Even as the DC-XA programme was drawing to a close and facing up to disappointment with the vehicle’s destruction and NASA’s X-33 decision, one of the project’s key instigators, Gary Hudson, had moved on to his next project.

Spinning towards space
Hudson still believed there was great potential in a small, lightweight SSTO design and as he had throughout his career, he wasn’t afraid to consider radical ideas. One such concept came to him via an engineering associate, Bevin McKinney, who had been considering using rocket-tipped rotor propulsion to lift a craft up through the atmosphere. The action of the spinning rotors would also be used to pump the propellants saving weight by removing the need for turbo pumps  – a key consideration in SSTO designs. The rotors would then be used to provide braking during re-entry before bringing the vehicle to an accurate helicopter style landing. Though initially sceptical, Hudson soon became convinced of the approach’s merits and he and McKinney formed the Rotary Rocket Company in 1996 to work on the concept, now christened Roton.

An early Roton design [IMG: Rotary Rocket Company]
Inspired by the Orteig Prize for the first nonstop flight between New York and Paris claimed by Charles Lindbergh in 1927, American entrepreneur Peter Diamandis founded the XPRIZE in 1996. This was a $10-million award for the first team to demonstrate an ability to fly a vehicle capable of carrying 3 passengers above the Kármán Line ( an altitude of 100km – the internationally acknowledged boundary of space) twice within a two-week period.

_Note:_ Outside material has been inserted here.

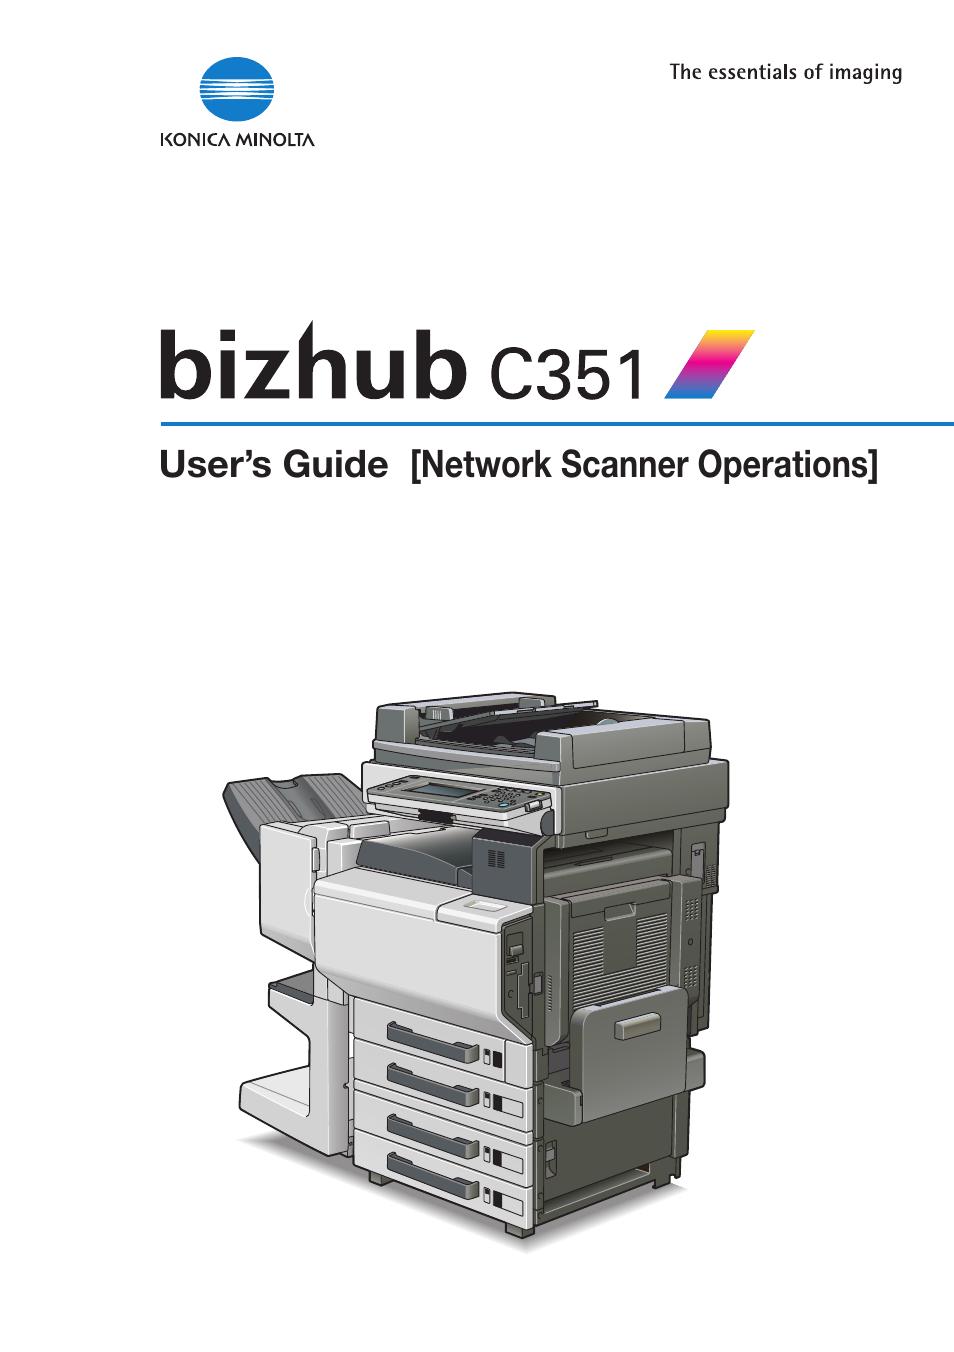 konica minolta bizhub c351 user manual 396 pages rh manualsdir com Konica C35 Konica C360
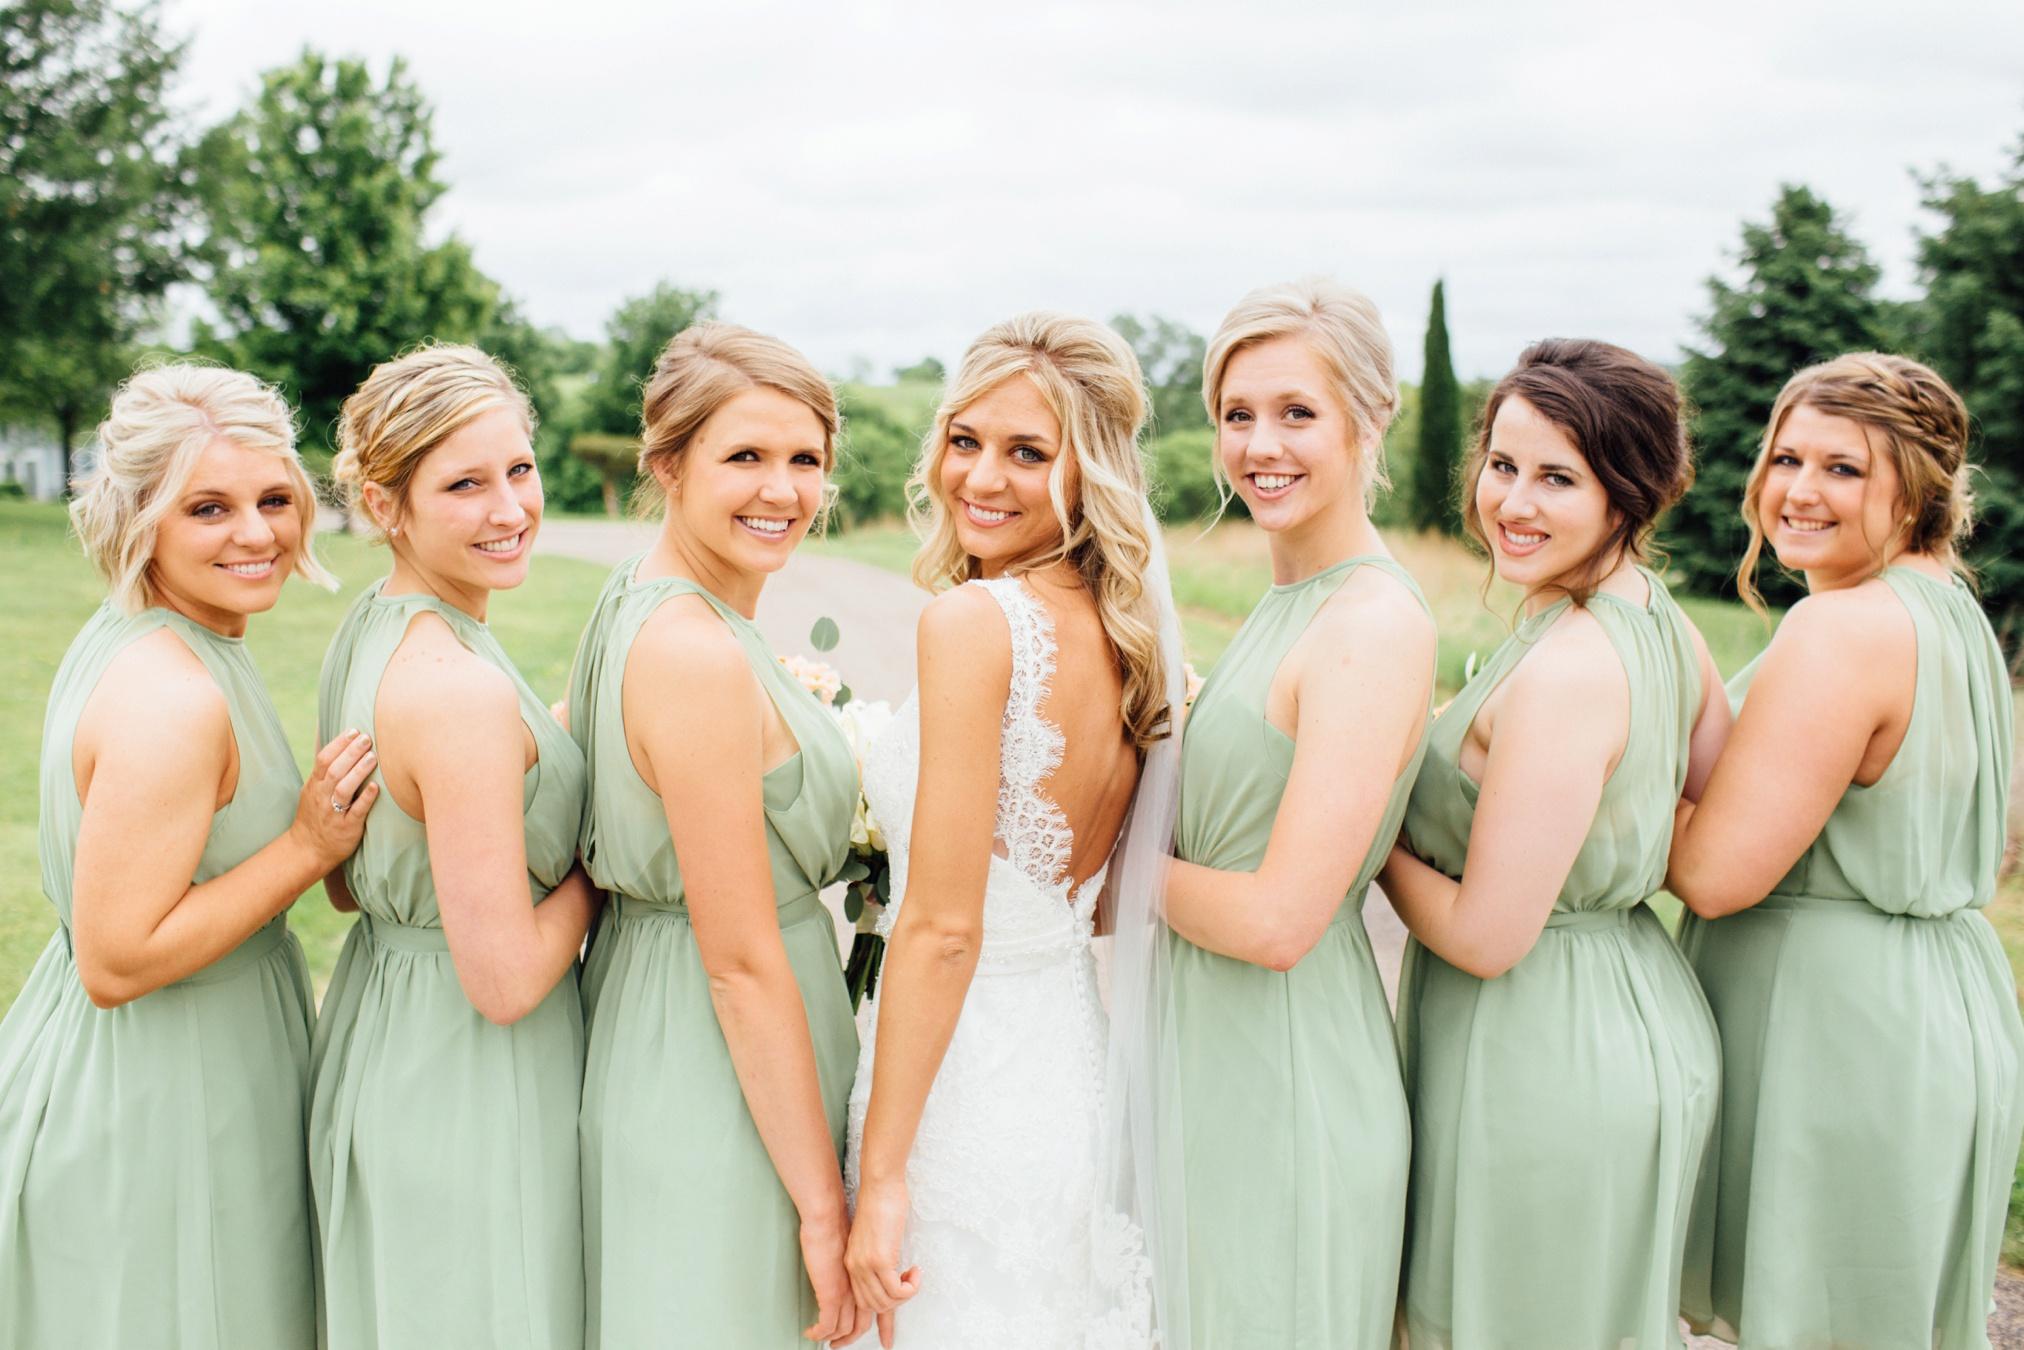 schmid_wedding-144.jpg

While Roton in its original form was a relatively small vehicle with extremely limited payload capacity to LEO, the vehicle would have been capable of performing the XPRIZE mission. While Hudson and Bevin had originally considered competing for the award, at the request of investor Walt Anderson they decided not to enter the competition. Instead they saw a commercial future for Roton in an emerging communications satellites market driven by new companies Iridium and GlobalStar.

These companies planned to place constellations of relatively small comsats in LEO to provide global phone coverage. Their need for rapid, reliable and affordable orbital access seemed a good opportunity for a vehicle like Roton – an extension of Hudson’s plans for his previous Phoenix family of SSTOs (see Part 2 HERE) – but the new mission would dictate a redesign of the vehicle to accommodate the larger payload and make the flight profile possible.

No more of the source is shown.